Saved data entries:
*** Begin section ***

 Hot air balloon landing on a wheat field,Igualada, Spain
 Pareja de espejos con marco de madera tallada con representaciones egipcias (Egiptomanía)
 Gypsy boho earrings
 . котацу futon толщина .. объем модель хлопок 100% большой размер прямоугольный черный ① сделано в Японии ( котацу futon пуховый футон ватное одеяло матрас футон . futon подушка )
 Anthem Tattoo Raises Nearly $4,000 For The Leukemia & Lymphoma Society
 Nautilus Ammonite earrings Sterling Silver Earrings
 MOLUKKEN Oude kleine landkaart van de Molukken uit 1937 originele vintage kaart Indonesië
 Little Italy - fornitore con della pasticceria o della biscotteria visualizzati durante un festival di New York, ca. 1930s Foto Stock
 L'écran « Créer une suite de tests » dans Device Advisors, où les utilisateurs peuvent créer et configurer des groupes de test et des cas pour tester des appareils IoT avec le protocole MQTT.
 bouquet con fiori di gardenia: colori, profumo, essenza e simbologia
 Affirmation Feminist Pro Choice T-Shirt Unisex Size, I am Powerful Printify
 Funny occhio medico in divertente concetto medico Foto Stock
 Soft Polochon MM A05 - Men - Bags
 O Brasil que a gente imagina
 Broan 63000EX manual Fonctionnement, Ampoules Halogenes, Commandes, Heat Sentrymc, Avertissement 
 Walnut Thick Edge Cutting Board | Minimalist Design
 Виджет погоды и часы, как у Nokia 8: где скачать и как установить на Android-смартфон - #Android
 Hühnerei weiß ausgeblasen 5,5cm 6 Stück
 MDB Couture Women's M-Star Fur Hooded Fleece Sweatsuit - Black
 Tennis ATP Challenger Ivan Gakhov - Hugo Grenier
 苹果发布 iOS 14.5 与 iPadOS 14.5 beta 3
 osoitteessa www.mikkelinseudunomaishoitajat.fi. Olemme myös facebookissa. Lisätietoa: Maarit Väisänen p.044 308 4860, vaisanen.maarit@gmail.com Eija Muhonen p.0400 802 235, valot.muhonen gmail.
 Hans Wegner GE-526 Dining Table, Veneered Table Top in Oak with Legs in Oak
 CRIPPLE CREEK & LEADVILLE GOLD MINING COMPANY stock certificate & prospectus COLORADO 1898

*** End section ***

**TASK BRIEF:** Which lines above run from the one containing "Pareja de espejos" down to the one containing "futon подушка )"? Repeat exactly those, both ends included, and nothing else.

**EXERCISE OUTPUT:**
 Pareja de espejos con marco de madera tallada con representaciones egipcias (Egiptomanía)
 Gypsy boho earrings
 . котацу futon толщина .. объем модель хлопок 100% большой размер прямоугольный черный ① сделано в Японии ( котацу futon пуховый футон ватное одеяло матрас футон . futon подушка )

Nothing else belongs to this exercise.